FIG. 4, FIG. 5a, FIG. 5b and FIG. 5c illustrate further details of the adjustment device 42. FIG. 5a illustrates the adjustment device 42 when the crusher 1 is in normal crusher operation. FIG. 5b illustrates the adjustment device 42 when the position of the first curtain 28 is adjusted. FIG. 5c illustrates the adjustment device 42 when the first curtain 28 is temporarily retracted to empty the crusher 1 of a minor blocking. The adjustment device 42 includes a hydraulic cylinder 95 which is mounted on the cross beam 84 and is arranged to aid first curtain 28 adjustment.

The hydraulic cylinder 95 includes a piston 95a which abuts, during an adjustment procedure, the roof of the housing 2, as illustrated in FIG. 5b. Hence, by supplying more or less of a pressurized fluid, such as a hydraulic medium, such as hydraulic oil, or pressurized air, to the hydraulic cylinder 95 the distance between the cross beam 84 and the housing 2 may easily be adjusted, such that a desired distance is obtained between the impeller 4, which is fixed to the housing 2, and the first curtain 28, which is fixed, via the bars 44, to the cross beam 84 of the adjustment device 42. This has the advantage that the first curtain 28 can be positioned in an easy and safe manner. Once the first curtain 28 has reached its correct position it is locked in place by tightening the V-shaped blocks 86 against the guide rails 90 using the bolts 92, as described hereinbefore with reference to FIGS. 2, 3a and 3b. After adjustment and tightening of the retaining bolts 92 the pressure in the hydraulic cylinder 95 can be released, and the abutment against the housing 2 may be relieved. Hence, no pressure in the hydraulic cylinder 95 is needed during operation of the crusher 1, and the hydraulic cylinder 95 is inactive during crusher 1 operation. Optionally, the piston 95a may be retracted such that it is no longer in contact with the housing 2 during crusher 1 operation, as is illustrated in FIG. 5a.

The first curtain 28, which is connected to the cross beam 84 of the adjustment device 42, may be repositioned in order to change crusher 1 settings by first loosening the bolts 92 and then displacing the cross beam 84 along the guide rails 90 with the help of the hydraulic cylinder 95.

The adjustment device 42 further includes resilient members, in the form of springs 96, as is best illustrated in FIG. 5a, that are pre-tensioned between the cross beam 84 and respective compression plates 97, for dampening of the forces exerted on the first curtain 28 by the material in the crushing chamber 82 during normal crusher 1 operation.
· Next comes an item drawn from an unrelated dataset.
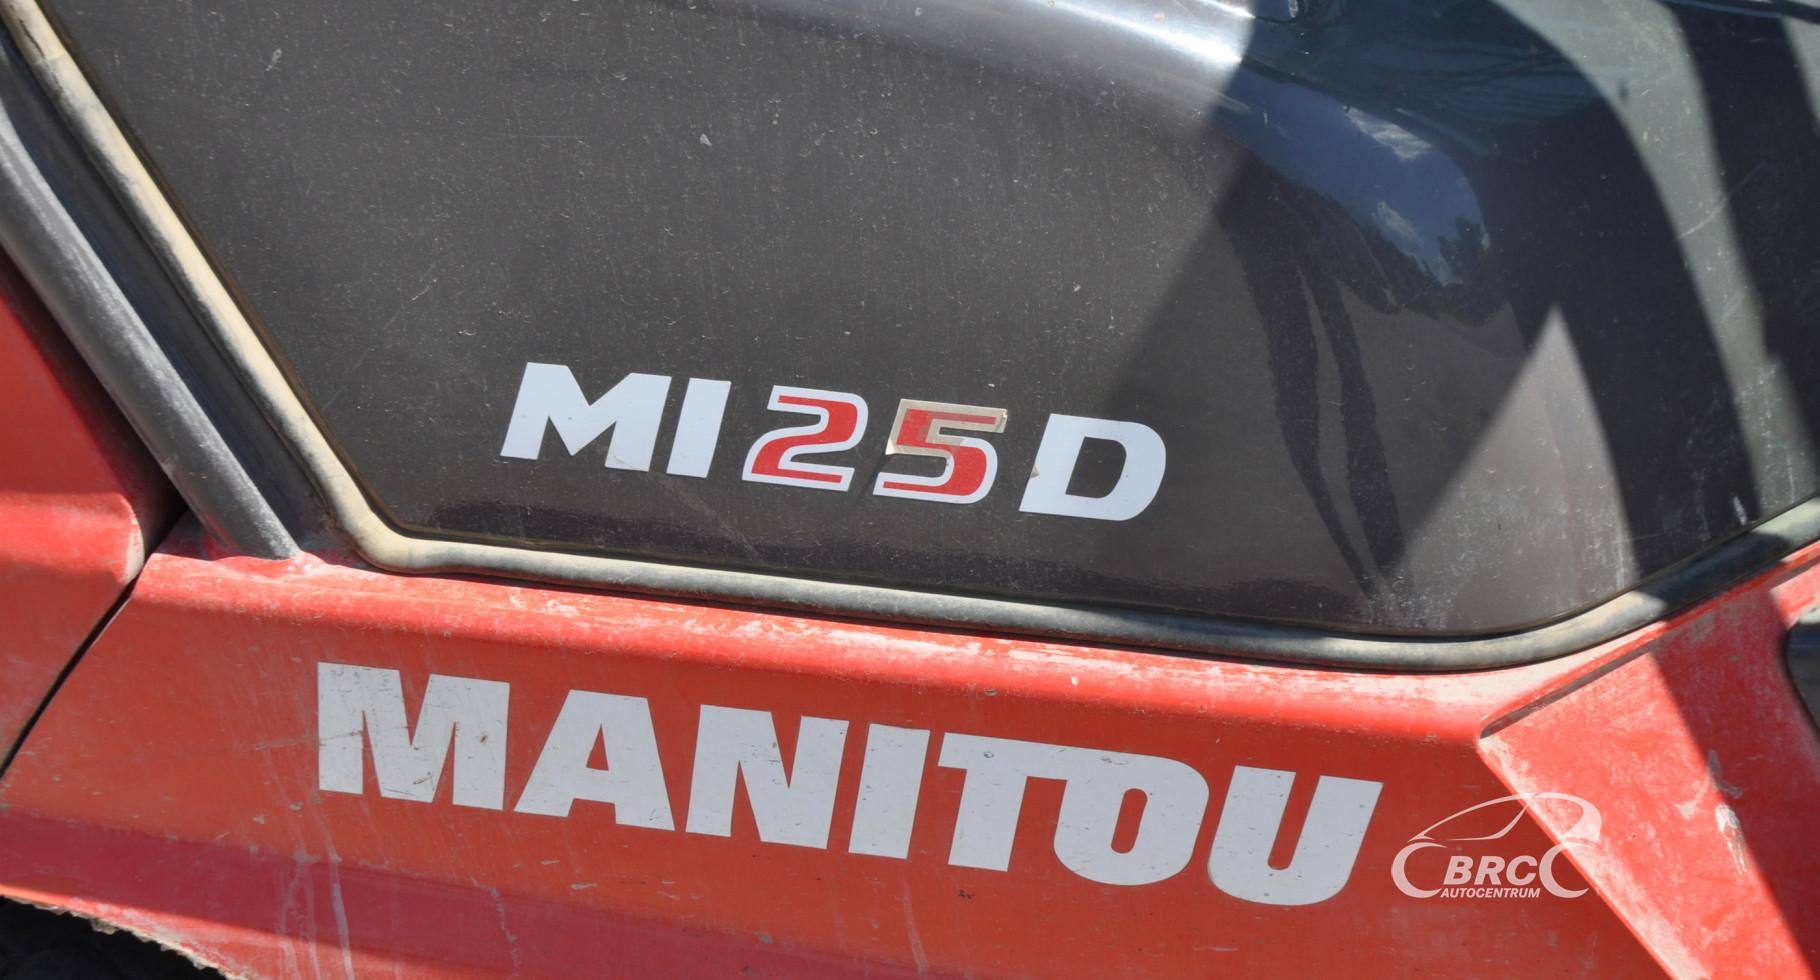 Manitou MI25D

The degree of pre-tensioning of the springs 96 can be adjusted by loosening a locknut 102 and a tightening screw 103 in order to adjust the position of upper spring seats 97a relative to the compression plates 97. Such adjustment of the degree of pre-tensioning of the springs 96 is made to adjust the degree of dampening of the forces exerted during normal crusher 1 operation.
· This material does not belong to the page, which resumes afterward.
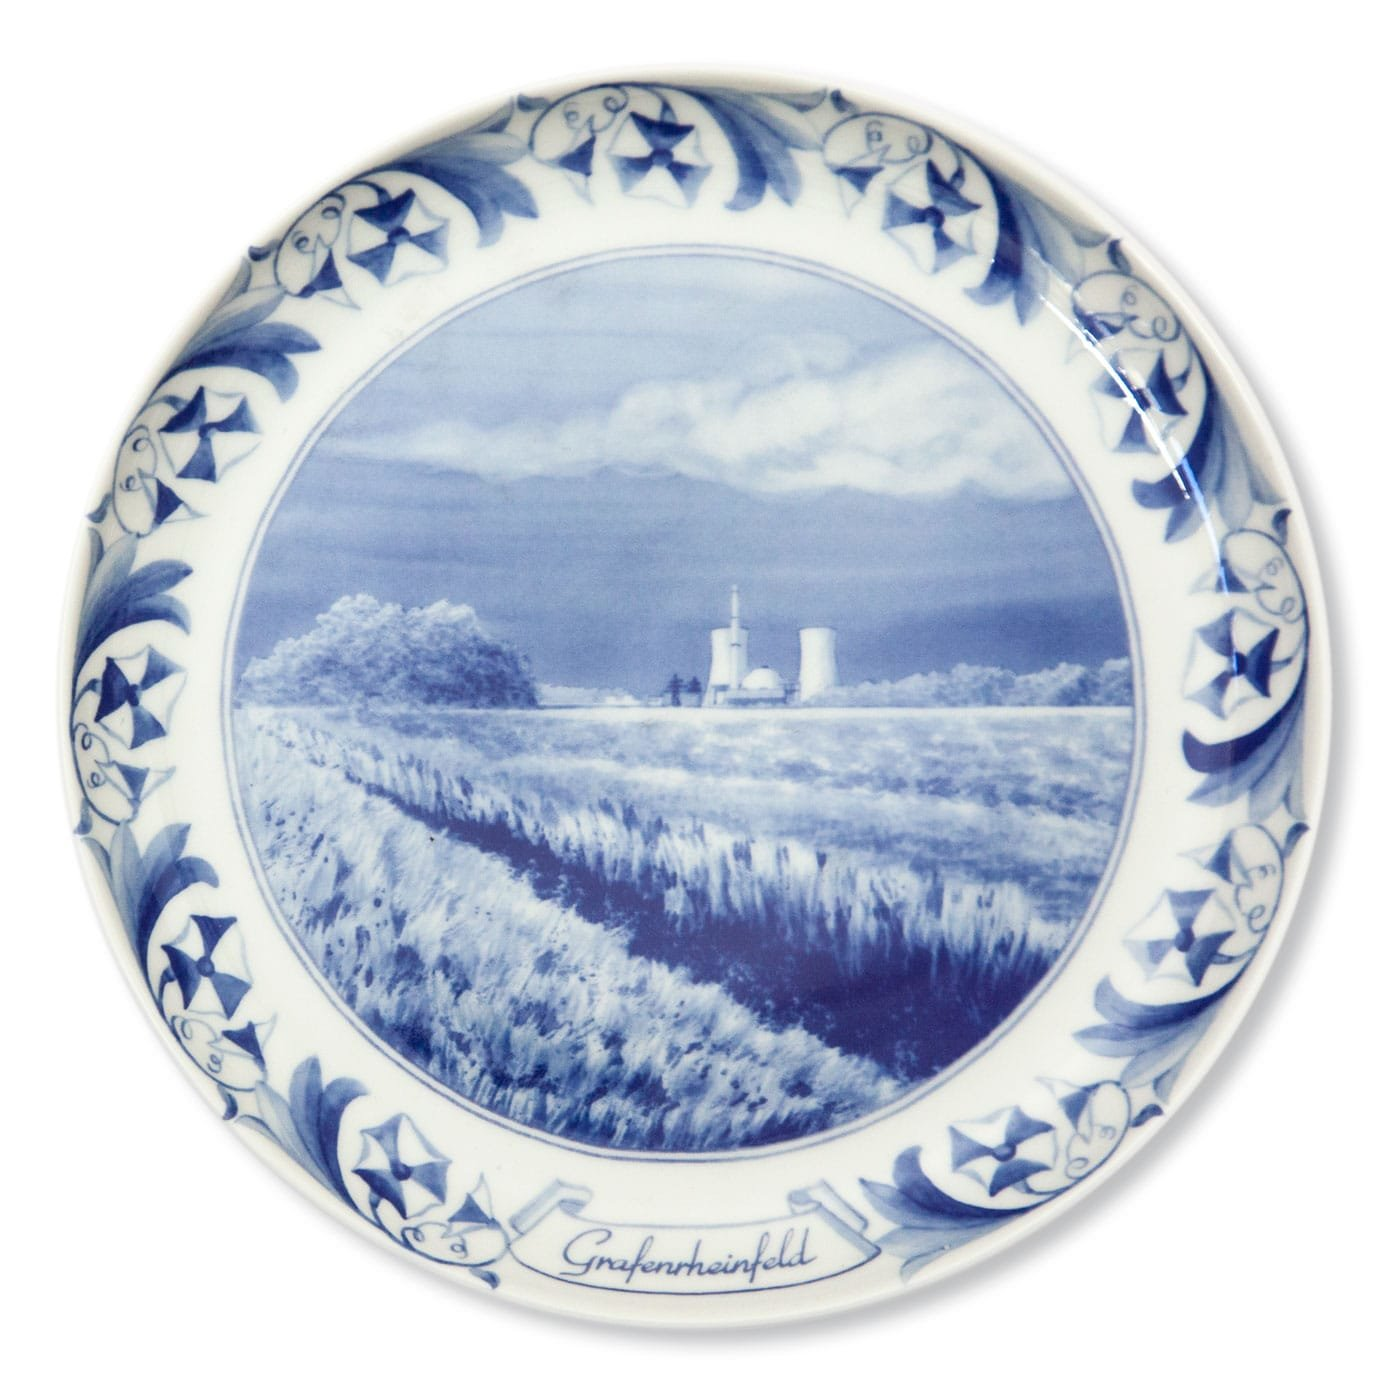 porcelain-nuclear-reactors-plates-grafenrheinfeld

The adjustment device 42 is further provided with a mechanical safety device 98, illustrated in FIG. 2, for preventing the first curtain 28 to come into contact with the beater elements 70 of the impeller 4 in case of failure of the adjustment device 42. The mechanical safety device 98 includes a bar 99 which is mounted on the cross beam 84 and which is adjusted to such a length that it will abut the housing 2, in a similar manner as the piston 95a of hydraulic cylinder 95 abuts the housing 2 as illustrated in FIG. 5a, before the first curtain 28 comes into contact with the impeller 4. Hence, after adjusting the cross beam 84 to its desired position in accordance with the above description, the bar 99 is mounted on the cross beam 84 in such a position that there is a clearance of typically 10-50 mm between the bar 99 and the housing 2. Hence, in a situation of failure of, for example, the guide blocks 86, the cross beam 84 may fall towards the housing 2, but not more than 10-50 mm before the bar 99 abuts the housing 2. Hence, the bar 99 prevents the first curtain 28 from coming into contact with the impeller 4 in such a situation of guide block 86 failure.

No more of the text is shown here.